15.2.3 Bedrijfswoning

Voor een bedrijfswoning gelden de volgende aanvullende bepalingen:

  • a. de goothoogte bedraagt niet meer dan 6 m;
  • b. de bouwhoogte bedraagt niet meer dan 10 m;
  • c. de inhoud bedraagt niet meer dan 600 m3.
15.2.4 Bijgebouwen en overkappingen bij bedrijfswoning

Voor bijgebouwen en overkappingen bij een bedrijfswoning gelden de volgende aanvullende bepalingen:

  • a. er zijn maximaal 3 bijgebouwen per bedrijfswoning toegestaan;
  • b. de goothoogte bedraagt niet meer dan 3 m;
  • c. de bouwhoogte van carports en overkappingen bedraagt niet meer dan 3 m;
  • d. de gezamenlijke bebouwde oppervlakte bedraagt niet meer dan 50 m2.
15.2.5 Bouwwerken, geen gebouwen zijnde

Voor bouwwerken, geen gebouwen zijnde, niet zijnde overkappingen, geldt dat de bouwhoogte niet meer bedraagt dan 2 m.

15.2.6 Herbouw

Aanvullend gelden voor herbouw van een bedrijfswoning de volgende voorwaarden:

  • a. de herbouw vindt grotendeels plaats op de (voor zover aanwezig) bestaande fundamenten van de bedrijfswoning;
  • b. de voorgevel van de te herbouwen bedrijfswoning wordt geplaatst in de (voormalige) voorgevelrooilijn van de bedrijfswoning;
  • c. de bouwwijze (d.w.z. vrijstaand, halfvrijstaand of aaneengebouwd) van de te herbouwen bedrijfswoning wijkt niet af van de bouwwijze van de oorspronkelijke bedrijfswoning.
15.3 Afwijken van de bouwregels
15.3.1 Omgevingsvergunning herbouw

Het bevoegd gezag kan door middel van het verlenen van een omgevingsvergunning afwijken van het bepaalde in 15.2.6, teneinde verplaatsing of herbouw van een bedrijfswoning buiten de bestaande bebouwingscontour of fundamenten toe te staan, mits wordt voldaan aan de volgende bepalingen:

  • a.
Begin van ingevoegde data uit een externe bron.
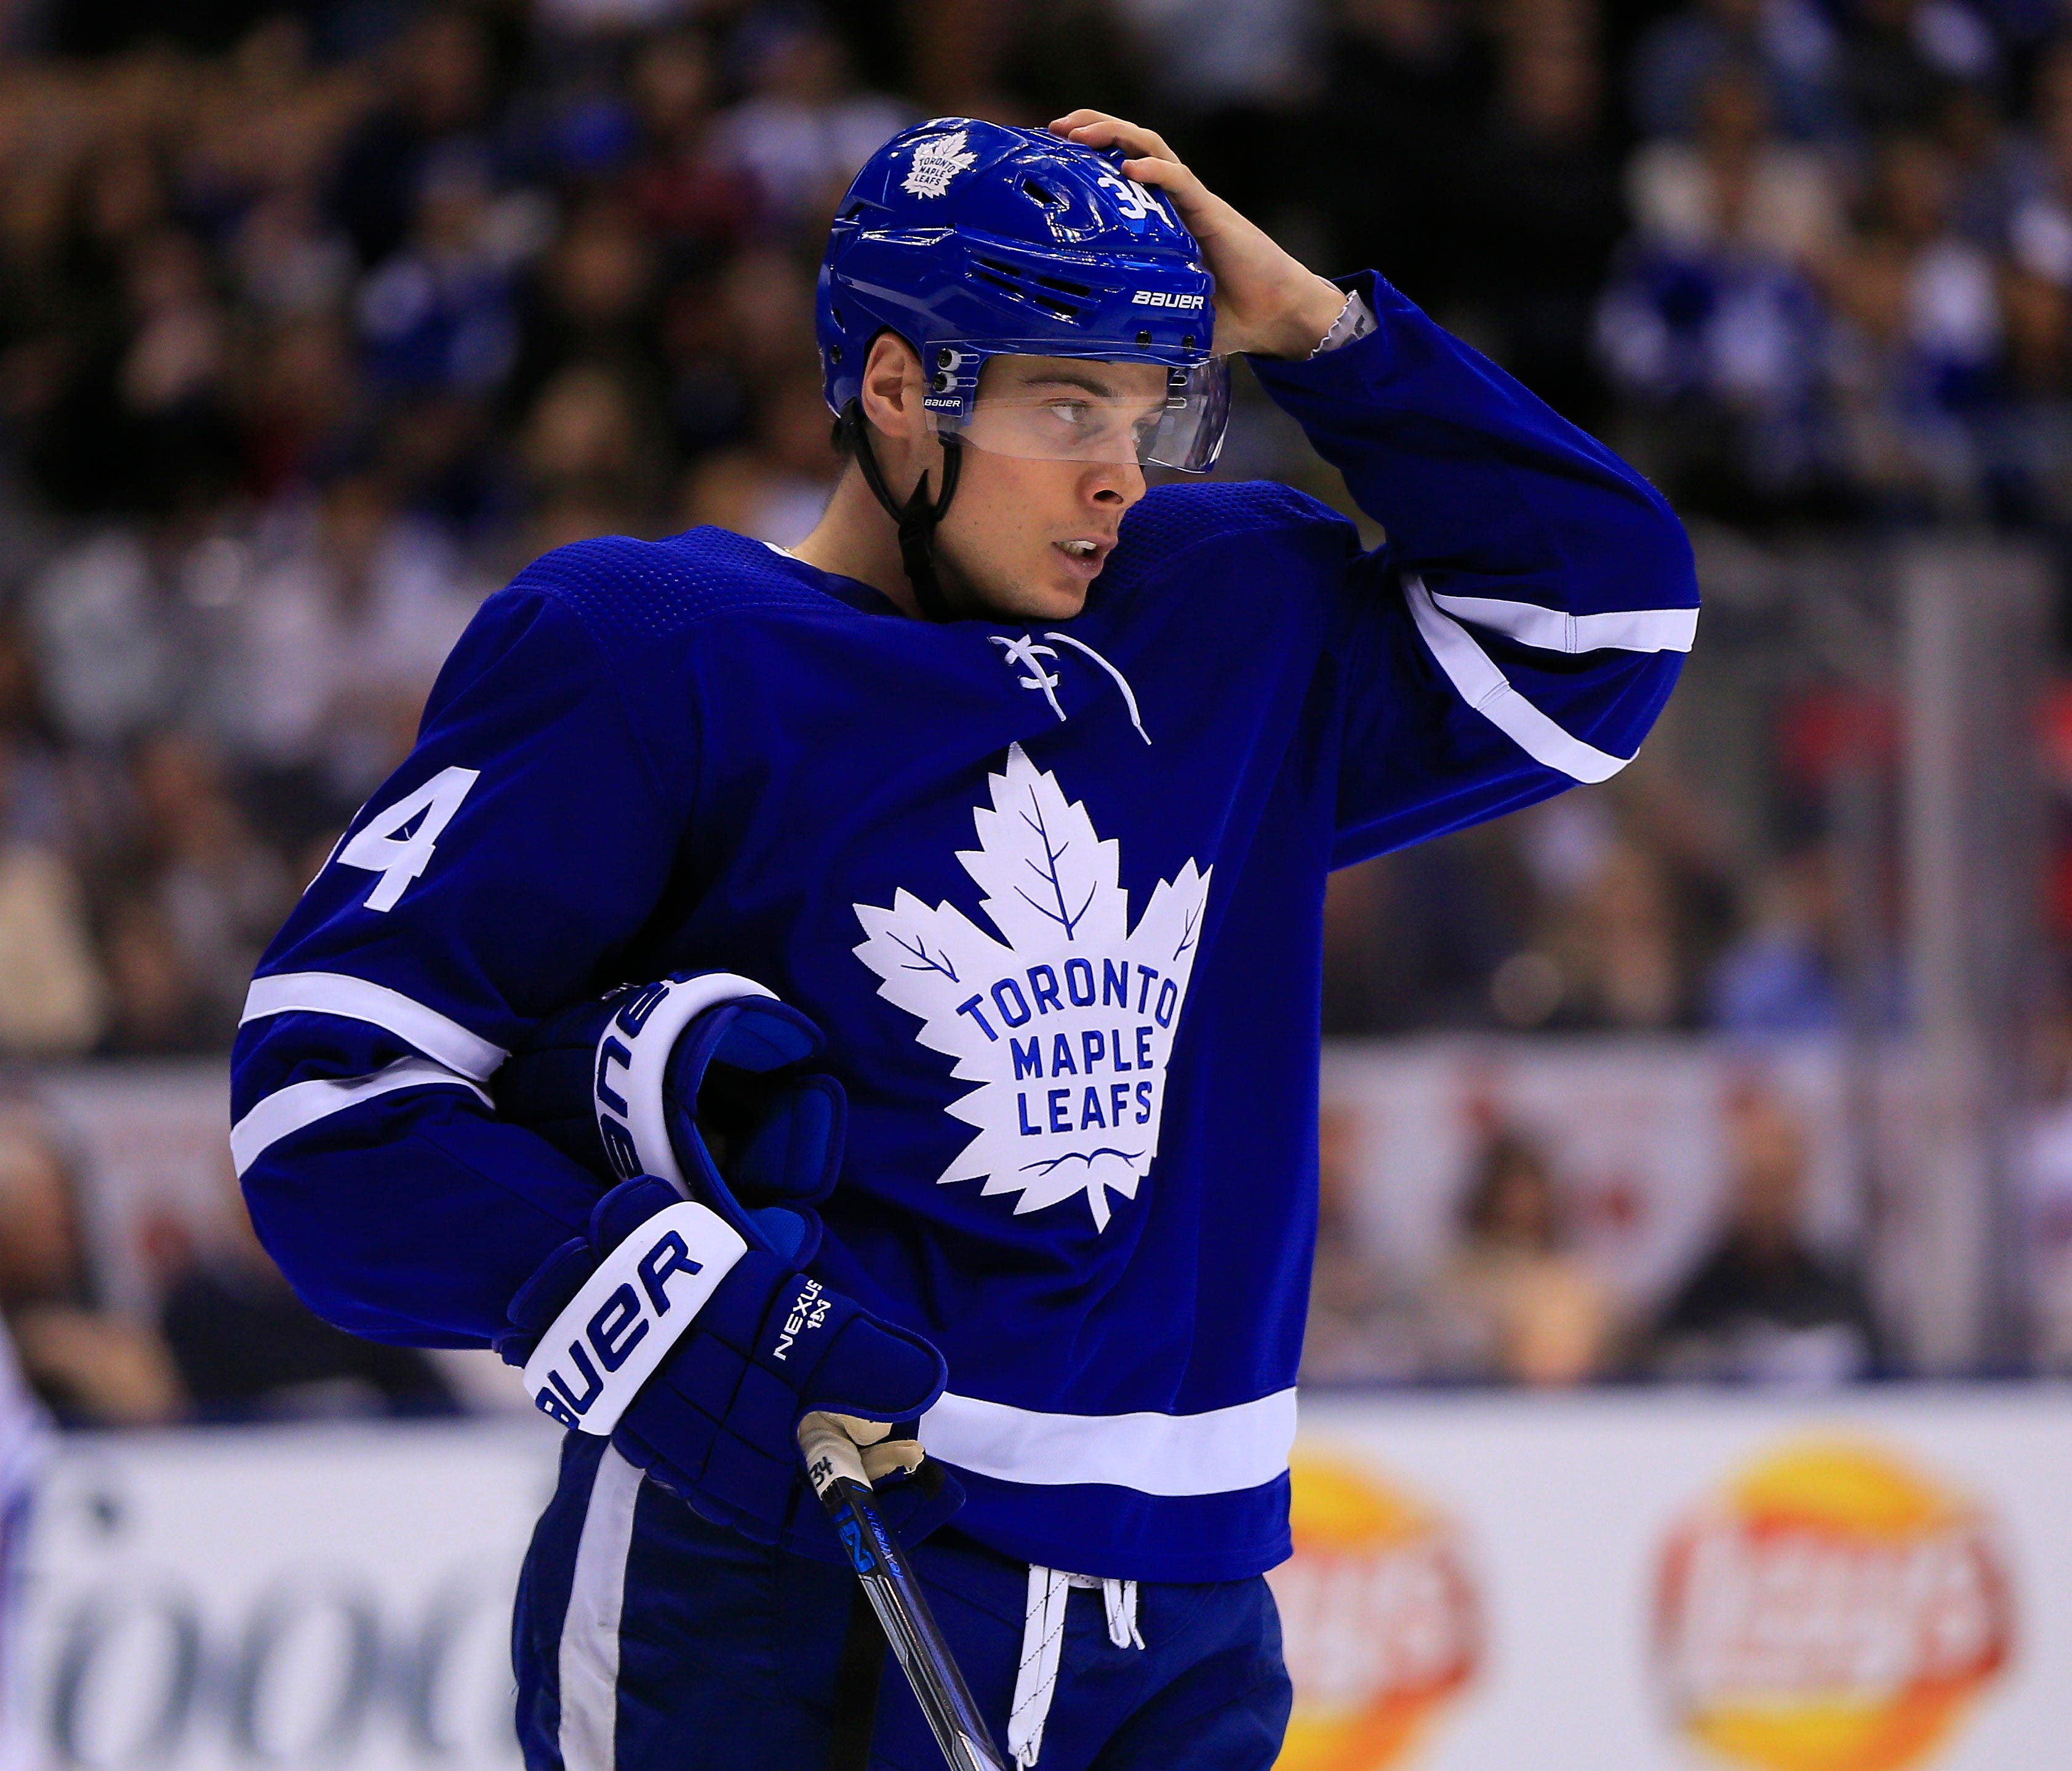 Toronto Maple Leafs forward Auston Matthews has gotten a point in 10 consecutive games.

Er dient op enig punt aansluiting plaats te vinden op de bestaande funderingen; dit betekent dat de nieuwe situering van de te herbouwen bedrijfswoning in ieder geval dient aan te sluiten op de voormalige situering.
  • b. In afwijking van het bepaalde onder a. is het toegestaan de bedrijfswoning volledig buiten de bestaande fundamenten of bebouwingscontour te situeren, indien dit vanuit oogpunt van verkeersveiligheid noodzakelijk is.
  • c. De nieuwe situering van de bedrijfswoning is stedebouwkundig en milieukundig aanvaardbaar.
  • d. Door de herbouw wordt het landelijk karakter niet onevenredig aangetast.
  • e. De belangen van in de omgeving aanwezige functies en waarden mogen niet onevenredig worden geschaad.
15.4 Specifieke gebruiksregels
15.4.1 Strijdig gebruik

Onder gebruik strijdig met de bestemming wordt in ieder geval begrepen het gebruiken en/of laten gebruiken van gronden en/of opstallen voor:

  • a. bewoning en zelfstandige wooneenheden.
15.5 Wijzigingsbevoegdheid
15.5.1 Wijziging in bestemming Wonen

Burgemeester en wethouders kunnen deze bestemming wijzigen in de bestemming Wonen en zonodig naar de bestemming Agrarisch met waarden, Agrarisch met waarden - Natuur en landschap, mits aan de volgende bepalingen wordt voldaan:

  • a. uitsluitend de bestaande bedrijfswoning mag worden gebruikt als burgerwoning;
  • b. de omvang van het bestemmingsvlak voor Wonen wordt afgestemd op de functie en is doorgaans kleiner dan het bestemmingsvlak voor het niet-agrarisch bedrijf; voor de gronden die niet binnen het bestemmingsvlak Wonen vallen, wordt de omliggende agrarische bestemming Agrarisch met waarden danwel Agrarisch met waarden - Natuur en landschap toegekend;
  • c. het gebruik mag niet leiden tot extra belemmeringen voor de bedrijfsontwikkelingen van de omliggende agrarische bedrijven, voortvloeiende uit de milieu- en dierenwelzijnswetgeving;
  • d. overtollige bebouwing wordt gesloopt met uitzondering van monumentale;
  • e. de functieverandering wordt ingepast in het omringende landschap. Hiertoe wordt een erfinrichtingsplan overlegd;
  • f. de functieverandering moet bijdragen aan de verbetering van de ruimtelijke en economische vitaliteit door middel van sloop van bebouwing al dan niet in combinatie met verbetering van publieke functies zoals natuurontwikkeling, bijdragen aan recreatieve routes of waterberging op plaatsen waar dit wenselijk is;
  • g. in geval van vrijgekomen gebouwen van een stoppend bedrijf dient de milieuvergunning te zijn ingetrokken;
  • h. de wijziging mag niet leiden tot een onevenredige aantasting van de waarden beschreven in de omliggende agrarische bestemming;
  • i. de regels van Artikel 21 Wonen worden van overeenkomstige toepassing verklaard.